A lot of people can say they'll forgive someone if they feel remorse or somehow "make it up to them." But these people asked no questions, and immediately forgave, because that is what we are called to do.
I believe anything is forgivable. Anything is forgivable. Anything.
If I didn't, my faith and my morals would be a joke. I'd love to make a list of forgivable things vs. non forgivable things:
Forgivable: little white lies, being late for a date, jaywalking, speeding, not showering every day
Not forgivable: big (black?) lies, being late for yoga,
naked jaywalking, the creation of crickets, (God and I WILL talk over this one some day) and improper use of the spellings of "they're, their and there"
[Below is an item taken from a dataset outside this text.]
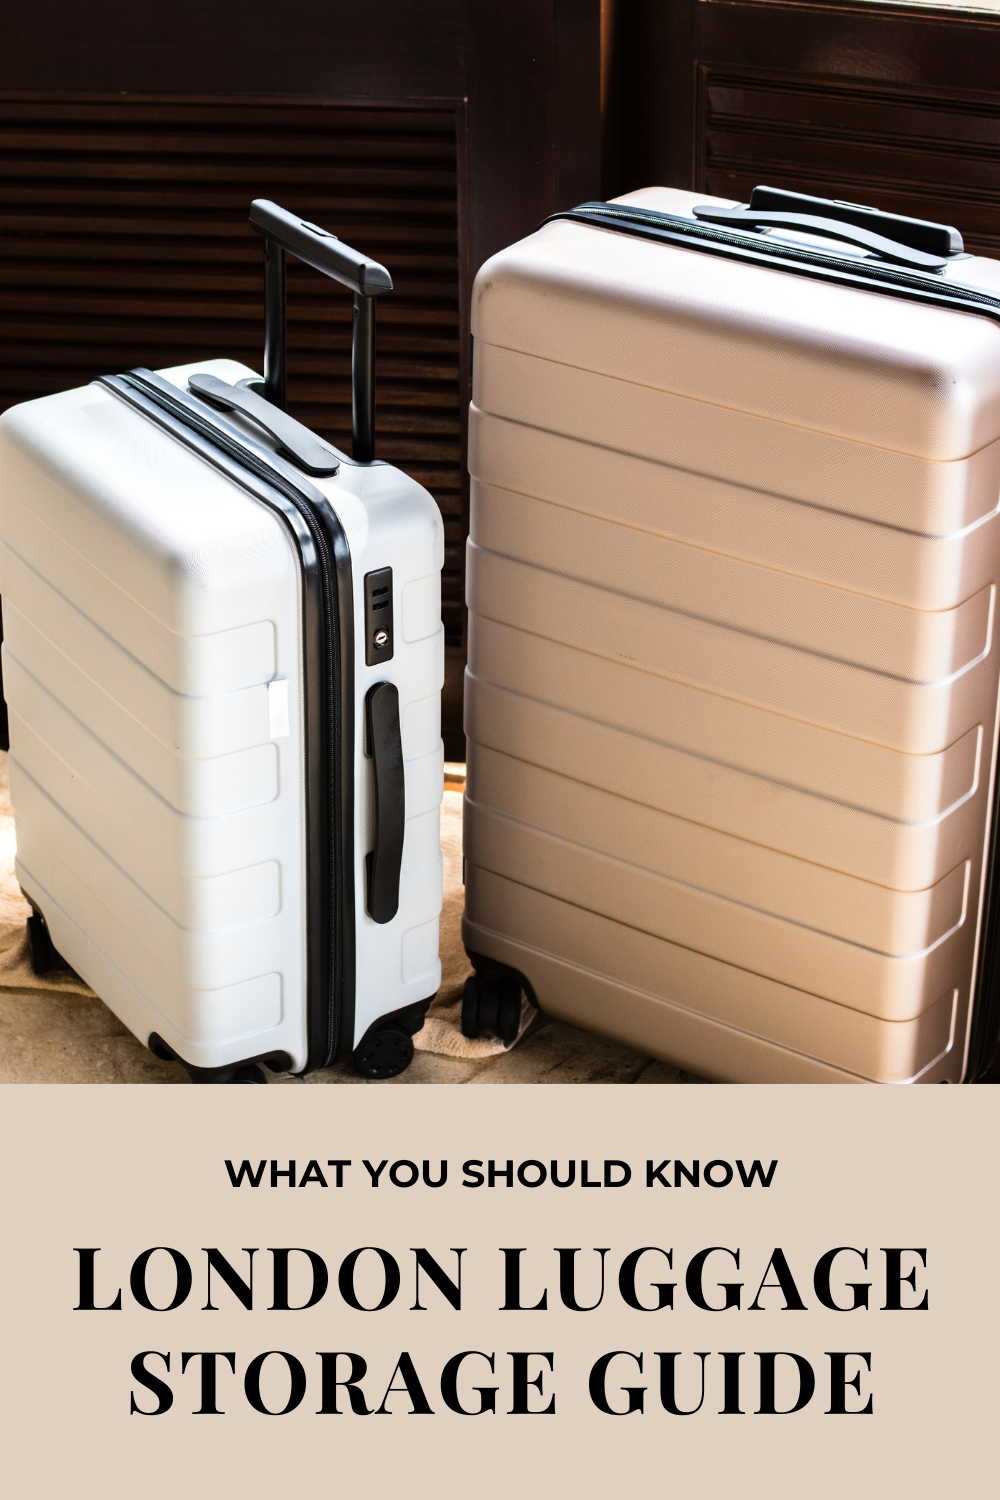 London Luggage Storage Guide What You Should Know

THEY'RE going to dinner. It is THEIR turn to pay for dinner. We are having dinner over THERE. Okay, clearly a ridiculous pet peeve of mine.
The movie just continued with beautiful words.
"When we do not seek vengeance for our pain and we open our hearts to the healing light of forgiveness, the darkness is banished, and evil is no more."
"Hate is a very big, very hungry thing with lots of sharp teeth" (father speaking to his daughter about her sister who was killed in the shooting) "It will eat up your whole heart and leave no room left for love."
I really like that one, because I feel like it's so true. When I get consumed with swearing in traffic and resentment of family situations and a woe-is-me sort of attitude, there really is not much room left for snuggles and happiness, especially when it is so important in the limited time I have with my kids now.
I forgive easily, so I suppose I'm not really a saint, as I've been blessed with this sort of ease as part of my makeup that I don't really work hard for (in
almost every situation. I must disclose).
I'm even learning to forgive myself a little more. Maybe I do have a little bit of that Amish grace in me. I love
their way of thinking up
there in the north.
They're amazing people to learn from.